Sorry that it took me so long to complete this! I was completely lost on how to end it, actually. And House would not cooperate with a happy feel-good ending. Nothing I wrote was in character. So here it is, and I hope it remains true to the House MD vision. Thanks and enjoy!

He awoke disoriented, his breath crisp with the need to cough. He turned against the pillow and coughed into his curled fist. He wasn’t sure how long he’d slept, but not long enough to dampen his worsening condition.

A glass of water, he thought, that would help alleviate the pang in his throat.

He reached for his abandoned button down shirt, lying in a bundle on the floor and threw it on over his bare chest.

Thank God Allison wasn’t home to see him like this, he thought, and then remembered how much he disliked thanking God for anything.

“Sicker than I thought,” he murmured out loud and frowned at how bad his voice sounded.

He opened his bedroom door and winced, unprepared for the blazing lights in the living room.
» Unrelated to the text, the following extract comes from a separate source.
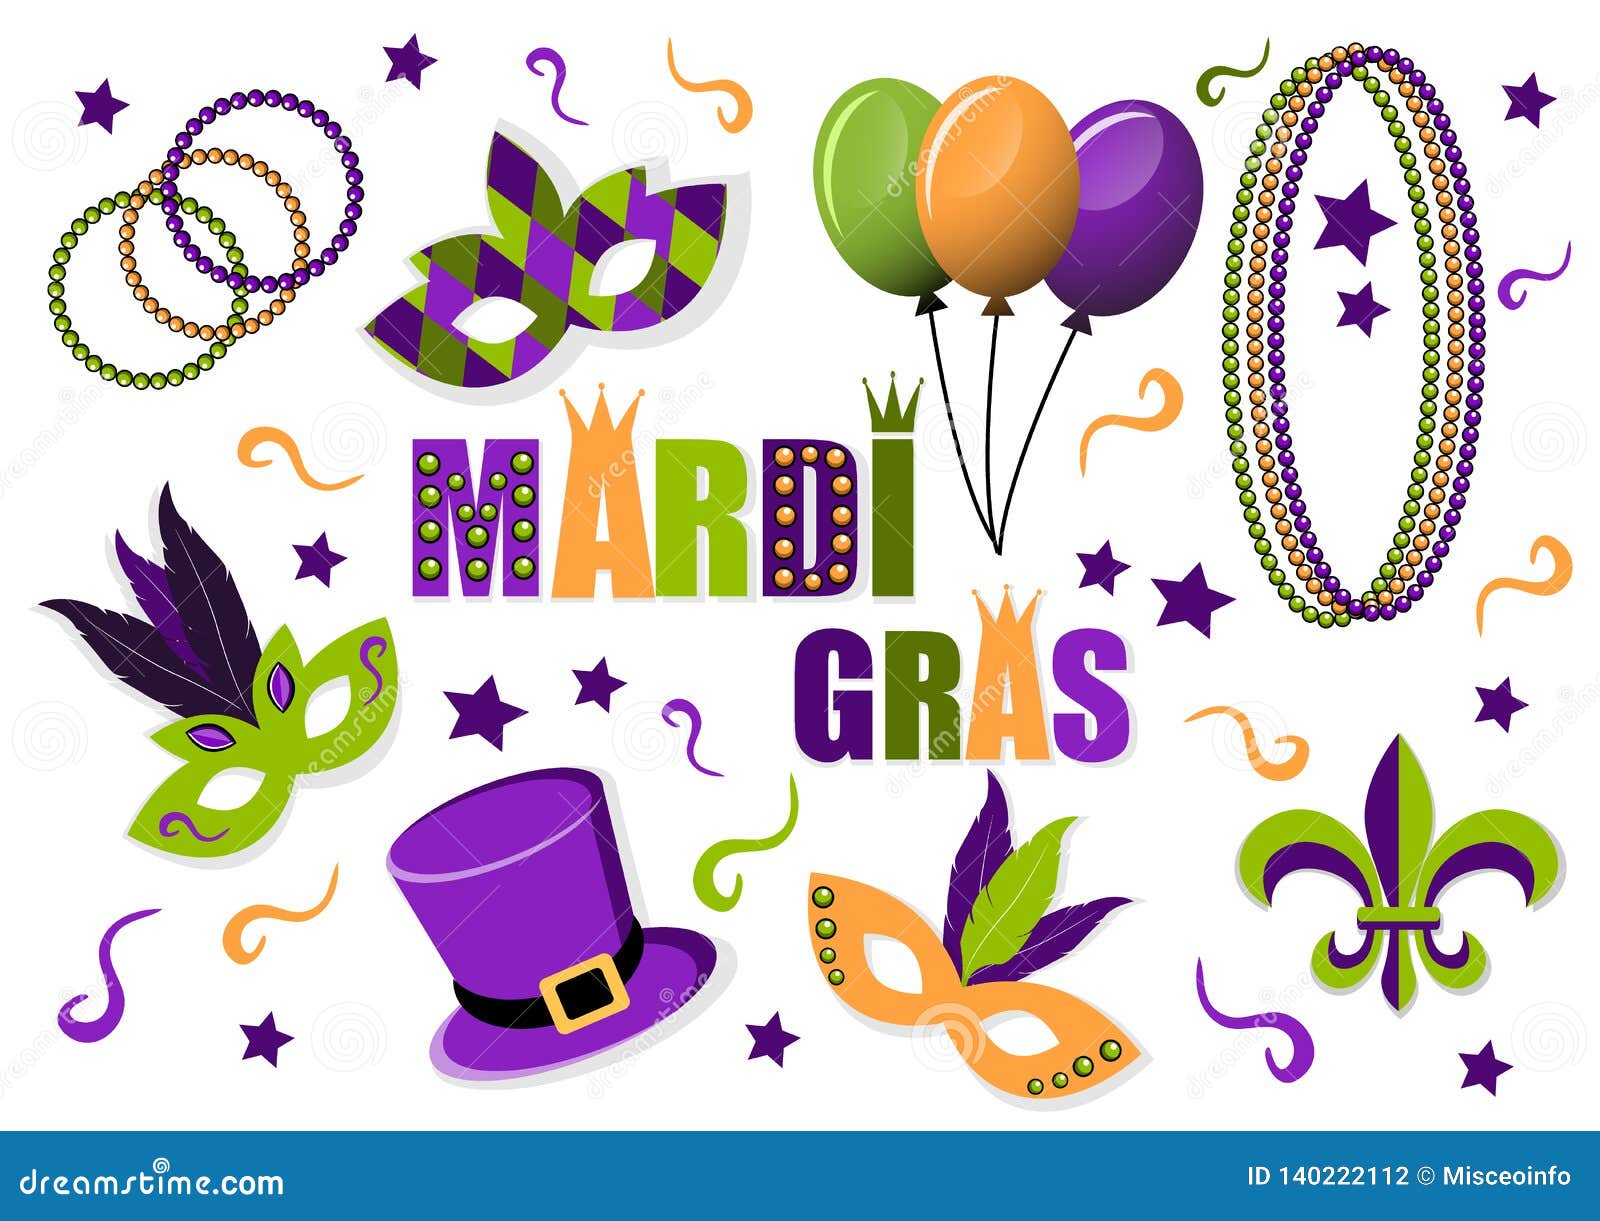 Mardi Gras Stickers Set Vector Download

His now sensitive sinuses reacted and he pinched the bridge of his nose,

“AUGHESSH!”

The sneeze left him doubled over, and he groaned at the accompanying pain in his head.

“Sleeping Beauty is awake!”

The sarcasm was unmistakable.

“A few more minutes, Princess and I was going to barge in there and kiss you.”

Chase felt his stomach drop and looked up.

Sure enough, House was reclining on his sofa, feet on his coffee table, cane resting on the floor. But in House’s arms, an even more horrifying sight. A brown album, opened on his knobby knees, papers strewn across the couch cushions.

Chase’s mouth became a thin line on his face.

House could read a flash in Chase’s eyes—in that moment, Chase wanted nothing more to race over and snatch the album back, but he was containing that urge. Instead, the younger doctor said,

“What do you think you’re doing?”

“Comparing you to a Disney princess--,” House began, then gave a mock look of surprise,

“Oh, you mean this!” He lifted the edge of the album. “Just limpin’ down memory lane, I suppose.”

Chase wiped his nose with the back of one hand and glared across the room.

“Not your memories,” he said. He couldn’t think of anything else, the whole situation was so surreal.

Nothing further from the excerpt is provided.